Revision as of 12:17, 23 December 2021

Overview

Decade Summary
<1950s Statistical methods are discovered and refined.
1950s Pioneering machine learning research is conducted using simple algorithms.
1960s Bayesian methods are introduced for probabilistic inference in machine learning.[1]
1970s 'AI Winter' caused by pessimism about machine learning effectiveness.
1980s Rediscovery of backpropagation causes a resurgence in machine learning research.
1990s Work on Machine learning shifts from a knowledge-driven approach to a data-driven approach. Scientists begin creating programs for computers to analyze large amounts of data and draw conclusions or "learn" from the results.[2] Support-vector machines (SVMs) and recurrent neural networks (RNNs) become popular.[3] The fields of computational complexity via neural networks and super-Turing computation started.[4]

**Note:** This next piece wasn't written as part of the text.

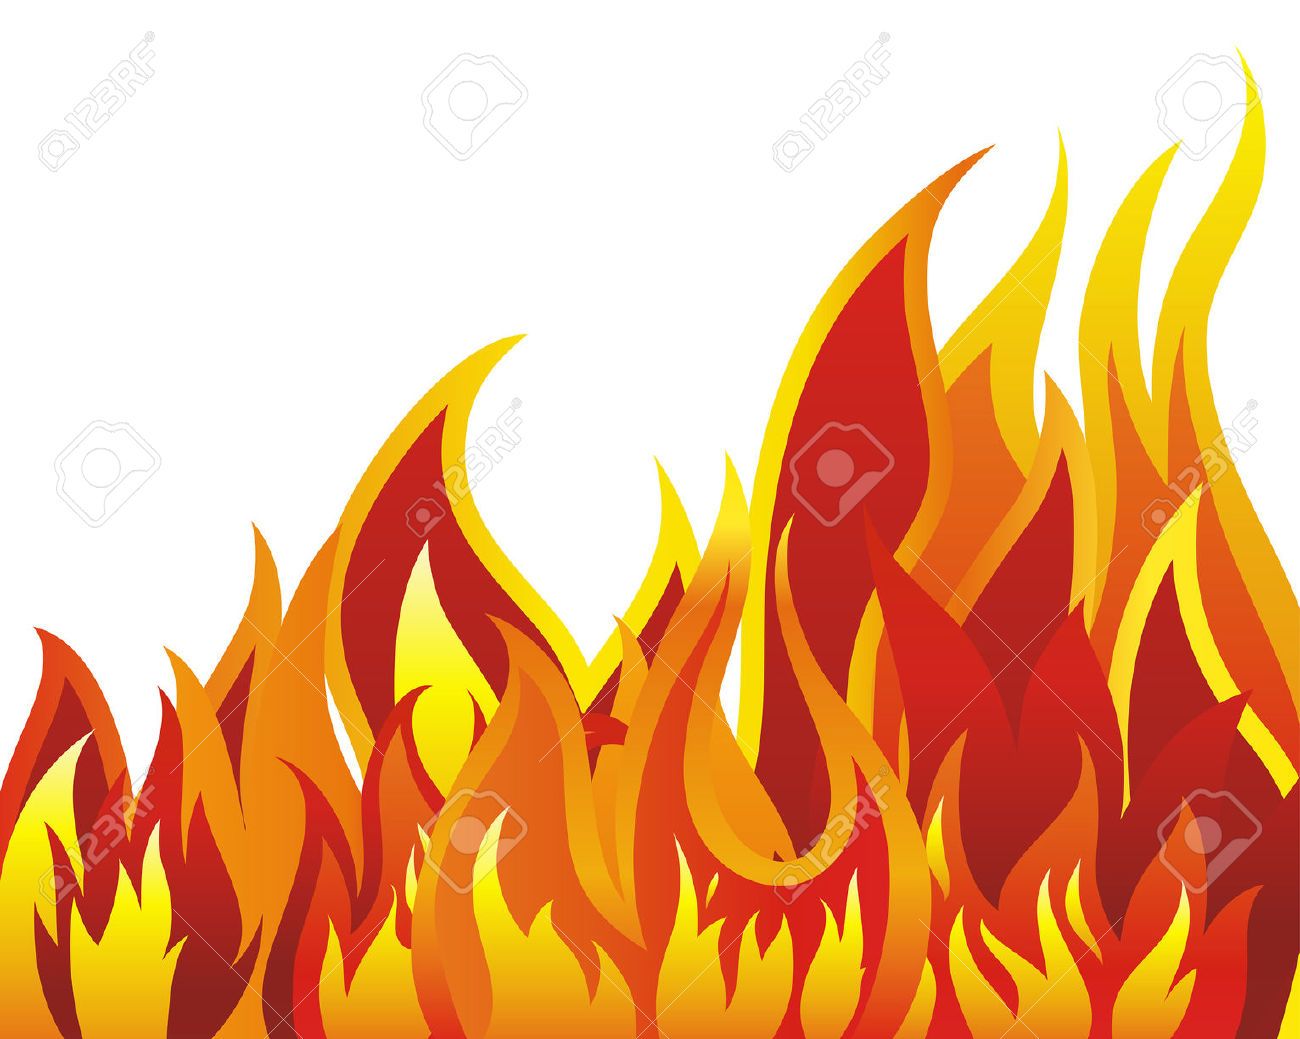 Flames clipart vector art. Stock fireplace quilts in

2000s Support-Vector Clustering[5] and other kernel methods[6] and unsupervised machine learning methods become widespread.[7]

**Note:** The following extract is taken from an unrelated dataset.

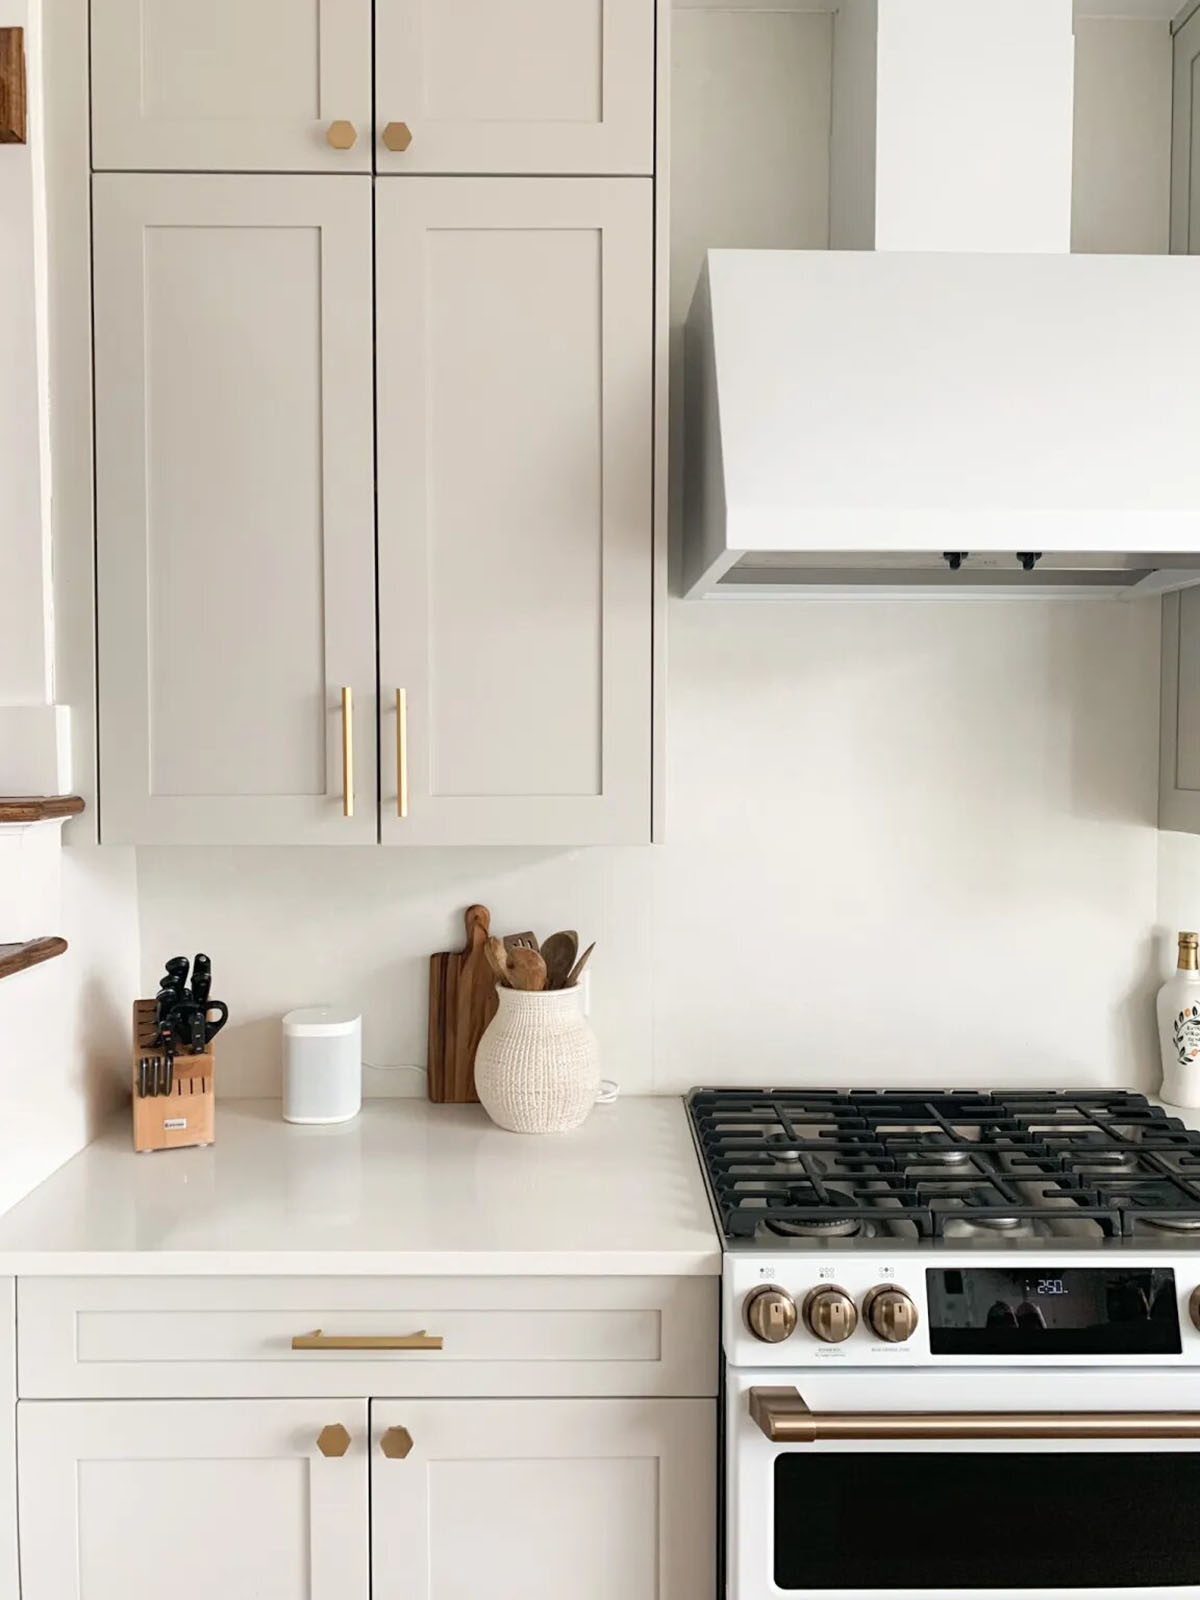 Sherwin Williams Agreeable Grey cabinets with a creamy white wall color and gold hardware.

2010s Deep learning becomes feasible, which leads to machine learning becoming integral to many widely used software services and applications.

Timeline

Year Event type Caption Event
1763 Discovery The Underpinnings of Bayes' Theorem Thomas Bayes's work An Essay towards solving a Problem in the Doctrine of Chances is published two years after his death, having been amended and edited by a friend of Bayes, Richard Price.[8] The essay presents work which underpins Bayes theorem.
1805 Discovery Least Square Adrien-Marie Legendre describes the "méthode des moindres carrés", known in English as the least squares method.[9] The least squares method is used widely in data fitting.

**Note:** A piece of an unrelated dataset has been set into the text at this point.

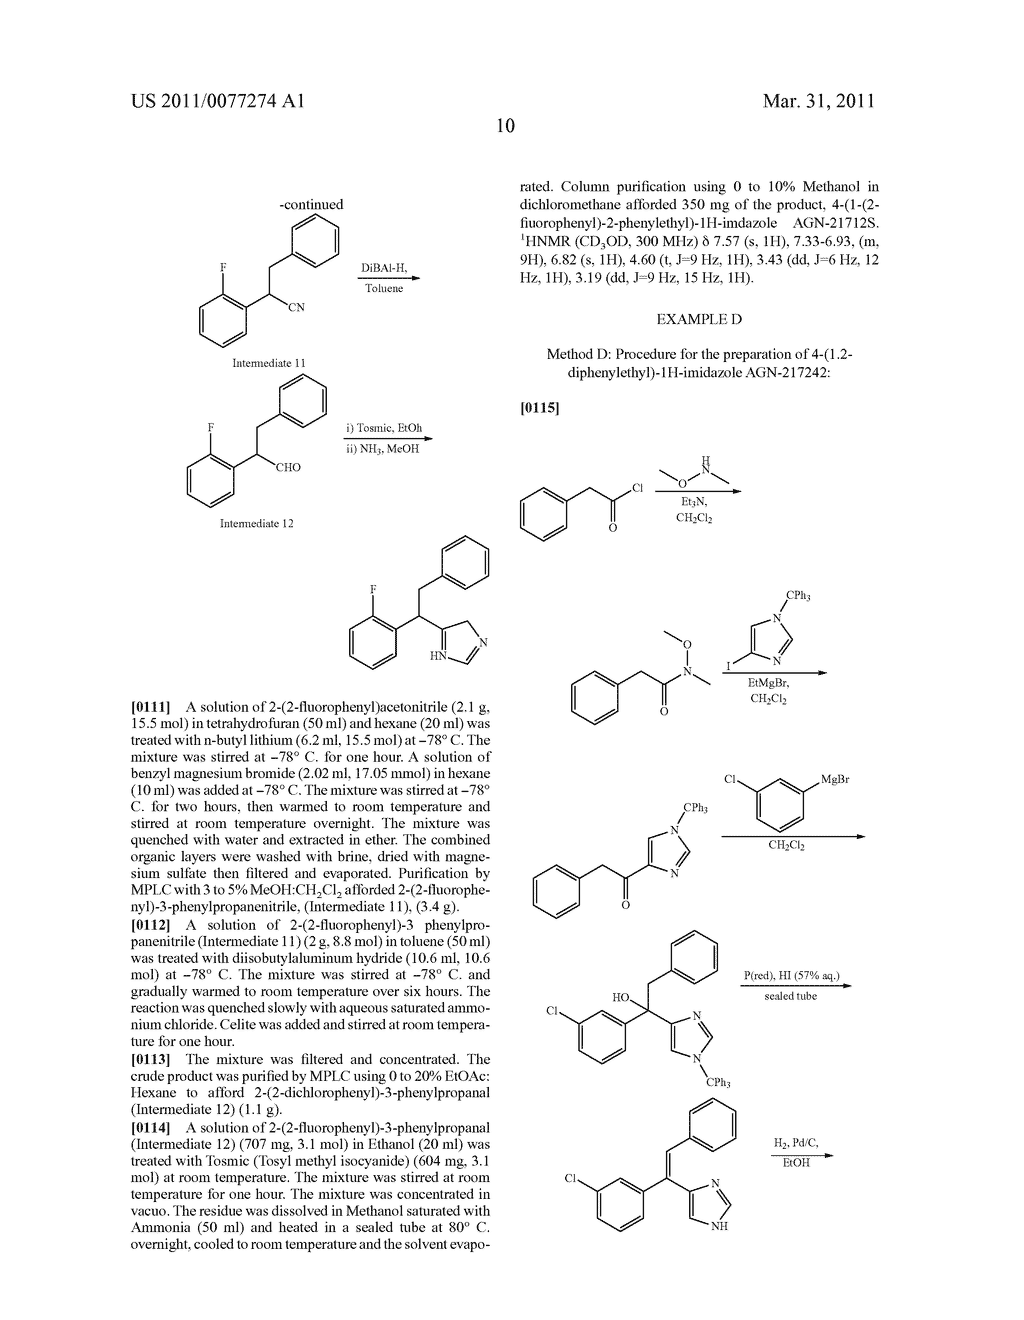 SUBSTITUTED-ARYL-2-PHENYLETHYL-1H-IMIDAZOLE COMPOUNDS AS SUBTYPE SELECTIVE MODULATORS OF ALPHA 2B AND/OR ALPHA 2C ADRENERGIC RECEPTORS - diagram, schematic, and image 11

1812 Bayes' Theorem Pierre-Simon Laplace publishes Théorie Analytique des Probabilités, in which he expands upon the work of Bayes and defines what is now known as Bayes' Theorem.[10]
1913 Discovery Markov Chains Andrey Markov first describes techniques he used to analyse a poem. The techniques later become known as Markov chains.[11]
1943 Discovery Artificial Neuron Warren McCulloch and Walter Pitts develop a mathematical model that imitates the functioning of a biological neuron, the artificial neuron which is considered to be the first neural model invented.[12]
1950 Turing's Learning Machine Alan Turing proposes a 'learning machine' that could learn and become artificially intelligent. Turing's specific proposal foreshadows genetic algorithms.[13]
1951 First Neural Network Machine Marvin Minsky and Dean Edmonds build the first neural network machine, able to learn, the SNARC.[14]
1952 Machines Playing Checkers Arthur Samuel joins IBM's Poughkeepsie Laboratory and begins working on some of the very first machine learning programs, first creating programs that play checkers.[15]
1957 Discovery Perceptron Frank Rosenblatt invents the perceptron while working at the Cornell Aeronautical Laboratory.[16] The invention of the perceptron generated a great deal of excitement and was widely covered in the media.[17]
1963 Achievement Machines Playing Tic-Tac-Toe Donald Michie creates a 'machine' consisting of 304 match boxes and beads, which uses reinforcement learning to play Tic-tac-toe (also known as noughts and crosses).[18]
1967 Nearest Neighbor The nearest neighbor algorithm was created, which is the start of basic pattern recognition. The algorithm was used to map routes.[2]
1969 Limitations of Neural Networks Marvin Minsky and Seymour Papert publish their book Perceptrons, describing some of the limitations of perceptrons and neural networks. The interpretation that the book shows that neural networks are fundamentally limited is seen as a hindrance for research into neural networks.[19][20]
1970 Automatic Differentiation (Backpropagation) Seppo Linnainmaa publishes the general method for automatic differentiation (AD) of discrete connected networks of nested differentiable functions.[21][22] This corresponds to the modern version of backpropagation, but is not yet named as such.[23][24][25][26]
1979 Stanford Cart Students at Stanford University develop a cart that can navigate and avoid obstacles in a room.[2]
1979 Discovery Neocognitron Kunihiko Fukushima first publishes his work on the neocognitron, a type of artificial neural network (ANN).[27][28] Neocognition later inspires convolutional neural networks (CNNs).[29]
1981 Explanation Based Learning Gerald Dejong introduces Explanation Based Learning, where a computer algorithm analyses data and creates a general rule it can follow and discard unimportant data.[2]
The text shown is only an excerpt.